On January 17, 2020 City High will be offering a variety of activities the connect to the messages spread by Dr. Martin Luther King Jr.

Jesse Hausknecht-Brown, Features Editor

As Martin Luther King Day approaches, buzz around City High increases as the last pieces fall in place for the second annual school MLK Day celebration, including activities, field trips and teacher-led sessions. This day, which will take place on the Friday before MLK Day, is an important day to recognize diversity and have discussions about inclusion and activism in a school setting. However, while teachers, and some students, put the final touches on their plans, other students ask each other if they will skip school that day and make plans with their parents to get called out. I heard these conversations last year and began hearing the same, “We aren’t doing anything, I might as well not go” rhetoric as of last week. 

Additionally, students often complain about learning things that they feel are not important or will be useful to them later on in life. This MLK Friday is a less structured day where students are given exactly what they want so badly: a day where they get to choose what they want to learn about. 

“People have said to themselves before, ‘I wish school was more about stuff that really mattered to people. And I wish it was a little bit more creative. And I wish we had more choice.’ Then it’s hard to say on the one day a year when you have what you asked for, that you say, ‘well that doesn’t matter, so I’m just going to get called out,’” Michael Ayers said. 

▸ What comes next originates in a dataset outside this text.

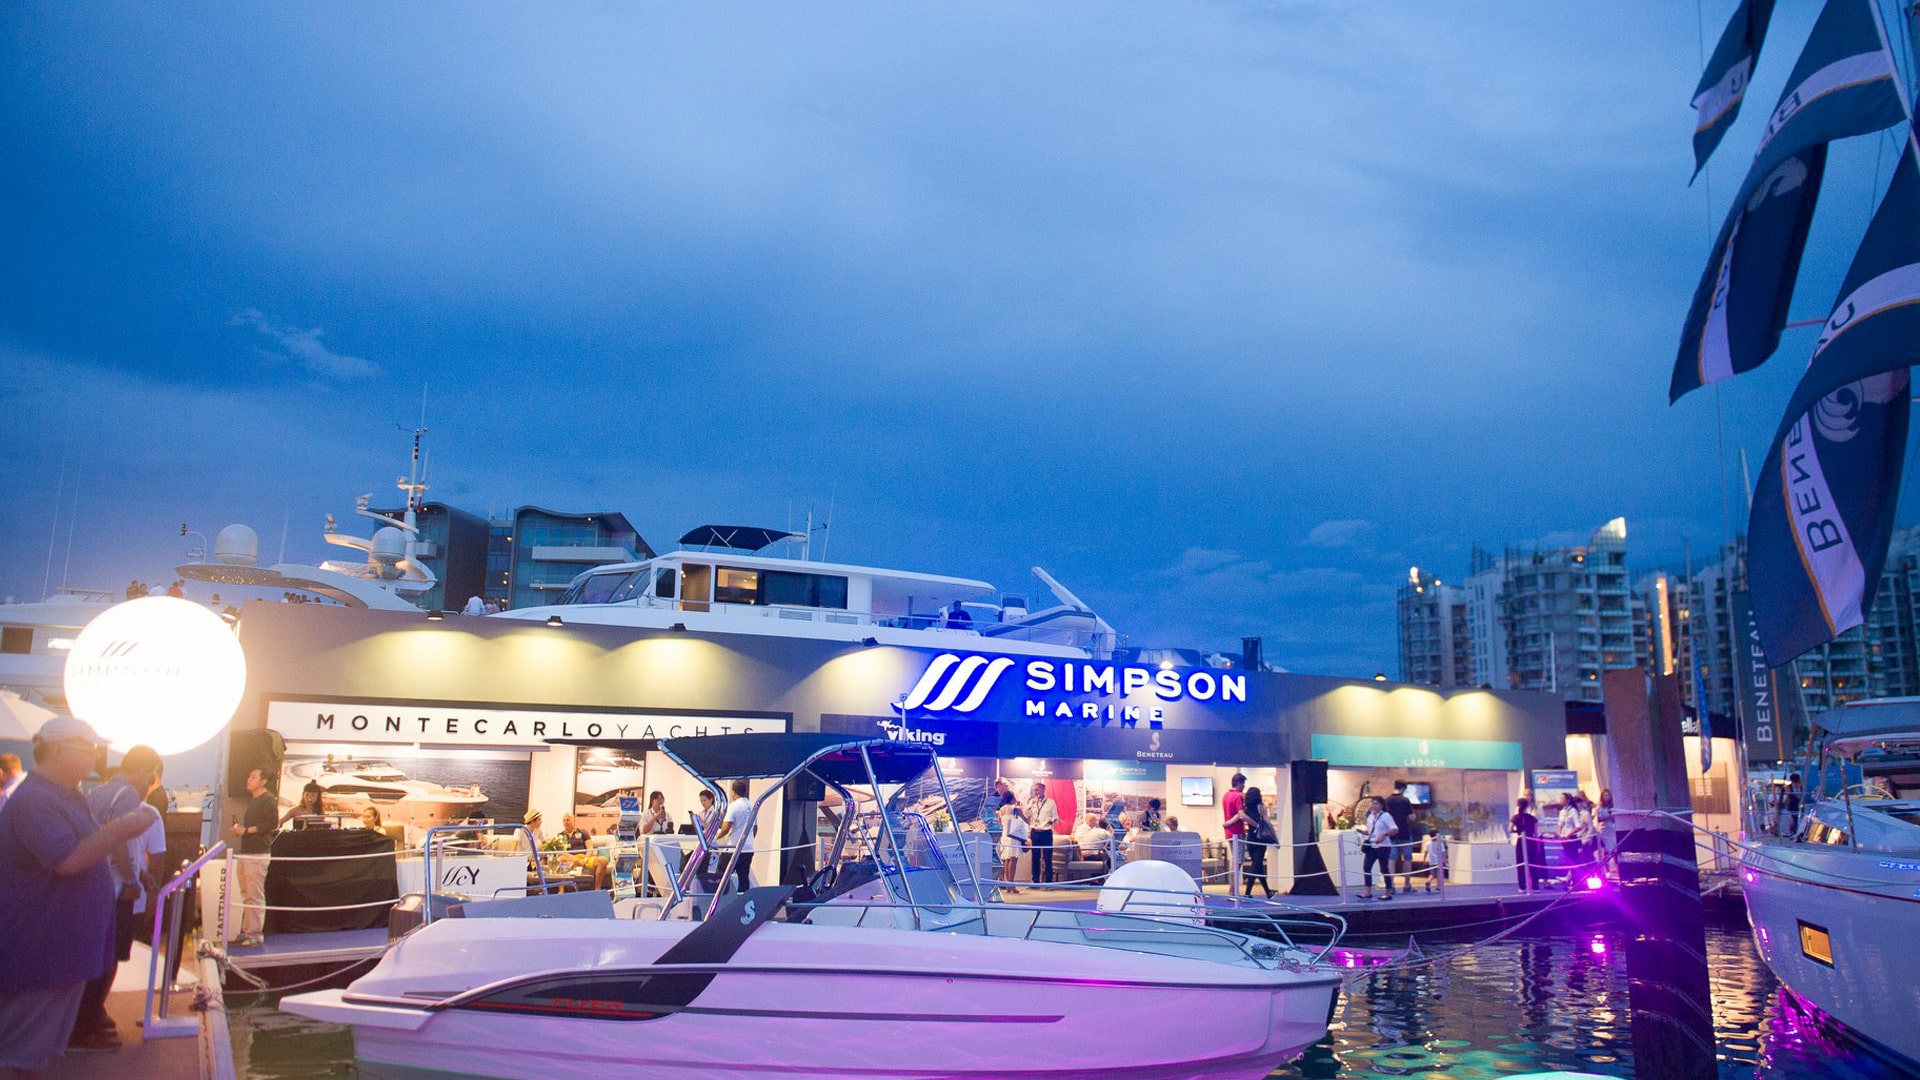 tsc_tubelar_exhibits_sg-yacht-show-2018-05_1920x1080-min
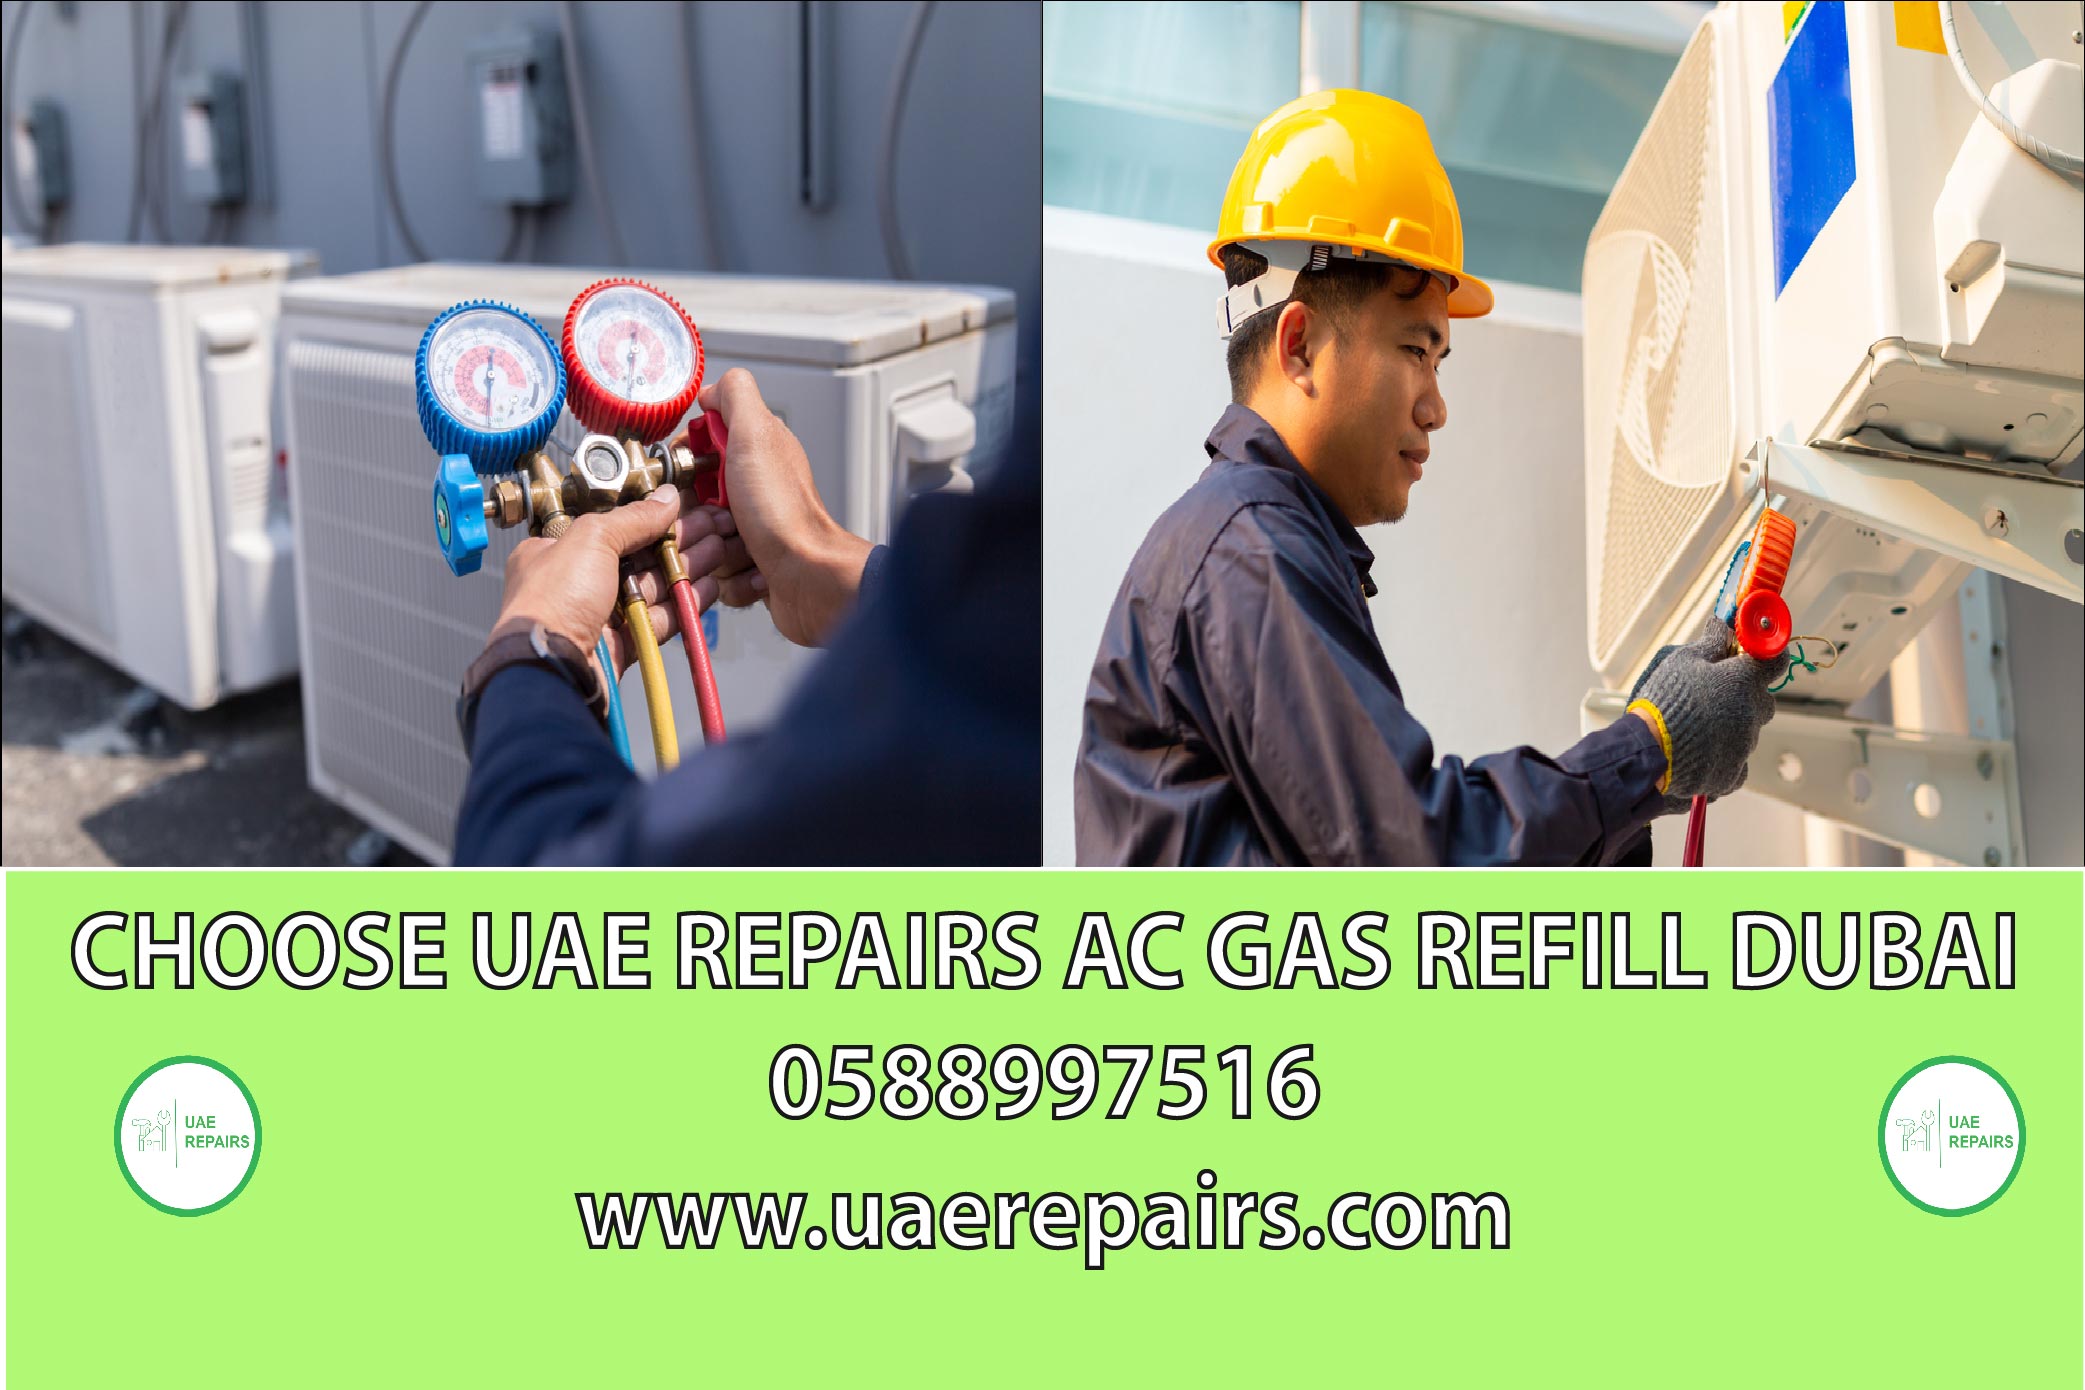 CHOOSE US FOR AC GAS REFILL DUBAI CONTACT 0588997516

To me, learning about diversity, equality and the history of racial activism is one of the most important and interesting things we can be taught in school.

“As a parent, I can’t imagine saying to my kid, ‘You have this opportunity to learn something about that has to do with, presumably, most of them have to do with diversity and inclusion and society,’ and those are the things that really matter and things that people are talking a lot about. So it’s hard for me to imagine saying, ‘Yeah, I don’t care if you just skip that,’” Ayers said.

Another fun part of MLK Friday, for students and for teachers, is how teachers get to collaborate with teachers in other departments.

“We don’t always have the flexibility to do creative things across discipline,” Ayers said. “I think that students would like it if we had more opportunities to do that kind of thing where you get to see connections across disciplines.” 

It is important to note that some students may not be attending school because they need to work to support their families.

“We should give lip service to some people need to work to help their families, every opportunity that they get,” Ayers said. “If you’re taking the day [off and] taking that opportunity to go to work to help support your family, that is a different kind of thing and I don’t think anybody should judge that.”

At the end of the day, it is very important that we recognize the work of all the teachers who are trying to make this day work best for everyone. 

“Doing this Martin Luther King Day thing is kind of an experiment,” Ayers said. “People who would like school to look different as often as it can would like that experiment to work, and it only works if people show up.”

At City High, we are very lucky to have this opportunity to learn about the significance of activism and diversity as well as the messages spread by Dr. King.